Иногда уезжал куда-нибудь с утра, иногда оставался в квартире на полдня.
Мне нравилась ее прохладная тишина, периодически нарушаемая лифтом.
В нашем доме на Телецентре тоже имелся лифт, но он был модернизирован, оборудован автоматикой, курсировал почти неслышно.
Здесь допотопная кабина ездила вверх и вниз в шахте, затянутой сеткой.
Открываясь, дверь протяжно скрипела, потом захлопывалась с железнодорожным лязгом.
Эти звуки отдавались и многократно усиливались кафельным полом площадки; проникая внутрь, они создавали какое-то особое настроение.
Сама квартира была полна уюта, который рождали и неяркие обои и старомодные окна с узкими форточками.
В пристенных «зализах» нереально высоких потолков даже солнечным днем таился тихий сумрак.
Запах старого паркета навевал странные для моего возраста мысли о вечном.
Признаюсь, до сих пор во снах приходит этот восьмиэтажный желто-кирпичный дом на углу Тимирязевской улицы.
Я вижу гулкий угловой подъезд и пологую лестницу, по которой обычно взбегал вперед лифта – и потемневшую латунную табличку на двери, старомодно оповещающую, что тут живет доктор…
О покойном докторе напоминала и огромная библиотека, заполняющая от пола до потолка темные стеллажи в прихожей.

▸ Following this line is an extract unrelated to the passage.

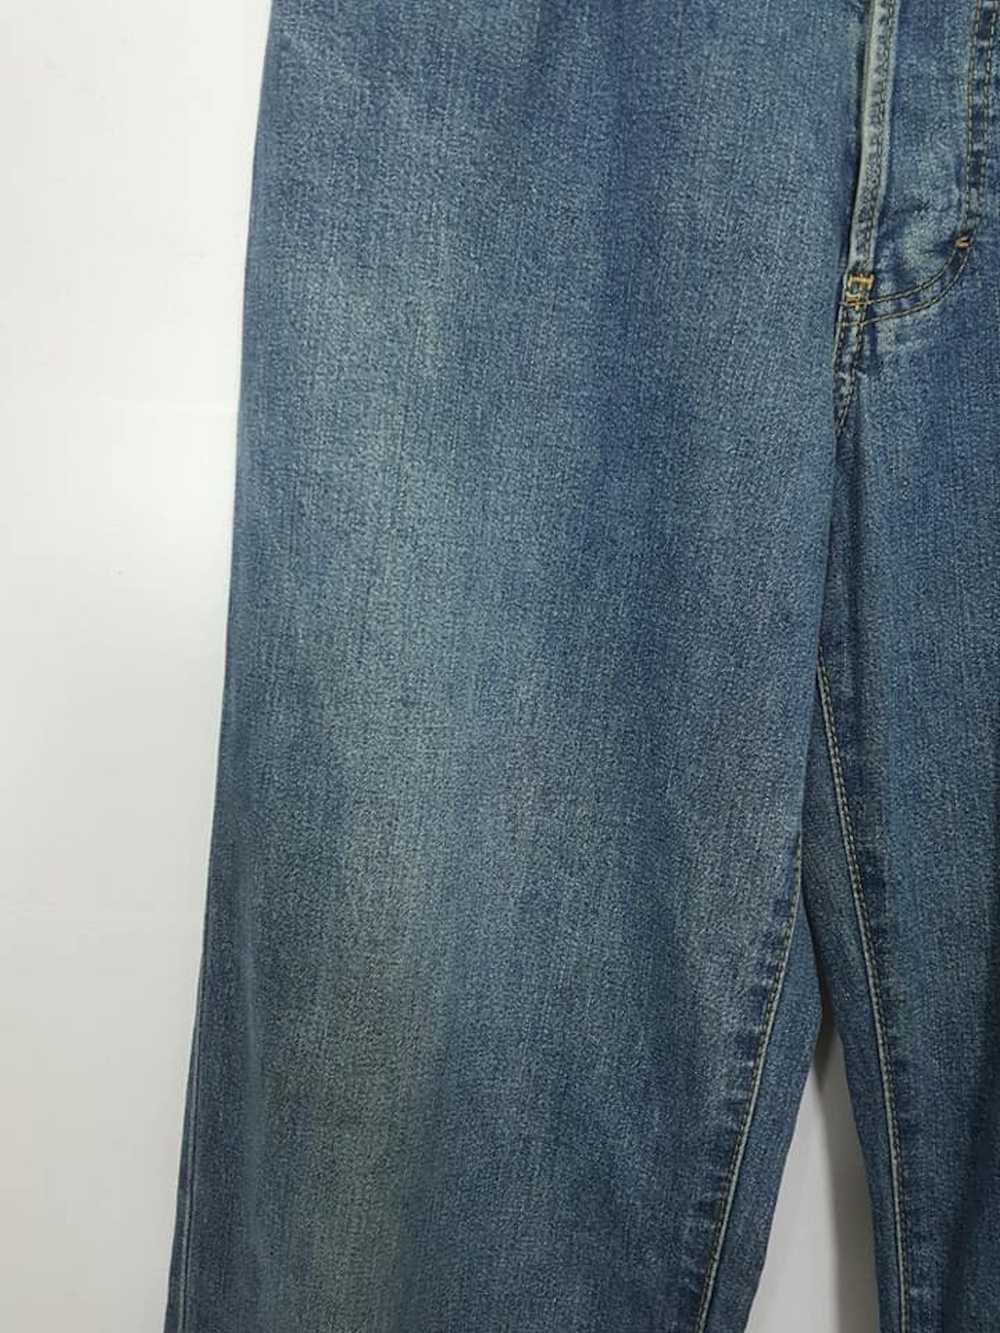 Paul Smith Paul Smith Button Fly Jeans MADE IN JA… - image 9

Книг я не трогал, лишь рассматривал корешки, не решаясь нарушить чужой порядок.
Я понимал, что меня тут лишь терпят, поэтому старался существовать невидимо, не оставлять следов пребывания.
Но еще больше, чем тихая квартира, мне понравилась сама Москва.
Столица конца семидесятых разительно отличалась от нынешней клоаки, кишащей армянскими рестораторами и украинскими проститутками.
Это был дружественный город, располагающий каждым проулком.